Galicia. As soon as the Austrian governorship of that country became again a reality, a German, General von Collard, took the place of the Pole, M. de Korytowski; a promise was, however, given that this would not be made a precedent for future appointments. Shortly afterwards the German language was introduced into the service on the Galician railways

and Germans took the place of Poles whose knowledge of the official language proved insufficient; this time no promise was even given concerning the future.

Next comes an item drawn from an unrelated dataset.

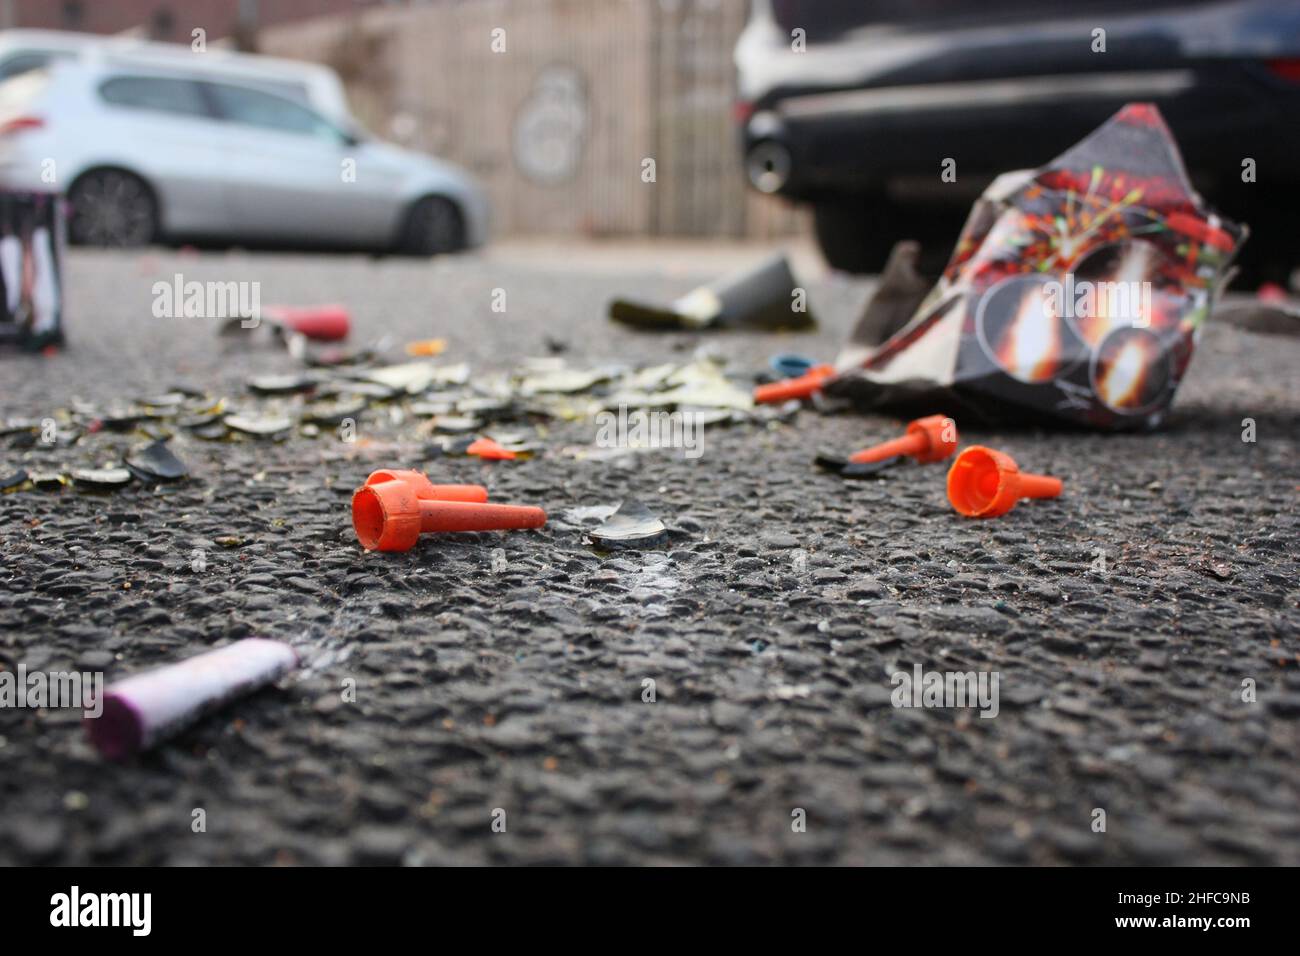 Déchets de plastique et verre brisé dans la rue après les célébrations du nouvel an en Allemagne Banque D'Images

The Germanic Powers had, in the opinion of the pro-Austrian Poles, one more chance of regaining the shaken confidence of their Polish adherents. Hitherto, they said to the Viennese Government, the Austrian authorities, military as well as civil, seem to have been doing all they could to uproot the friendship for Austria among the anti-Russian parties, and to discredit those parties in the eyes of the Polish public opinion. But the taking of Warsaw will be the decisive moment for the attitude of the Poles. On the way in which the occupation of Warsaw will be made, and on that which will then be said, will depend the attitude of the capital and of the entire country. Let delegates from the Polish Committee precede the Germanic armies in their entry into Warsaw, and let the Polish Legions march at the head of the 'troops entering the city. Unless that is done, people will look back with sadness after the retreating Russians, and regard the orders of the armies of occupation in an indifferent spirit. Let also this be the moment for the proclamation of the union of Galicia and Russian Poland into a Polish kingdom under Austrian suzerainty.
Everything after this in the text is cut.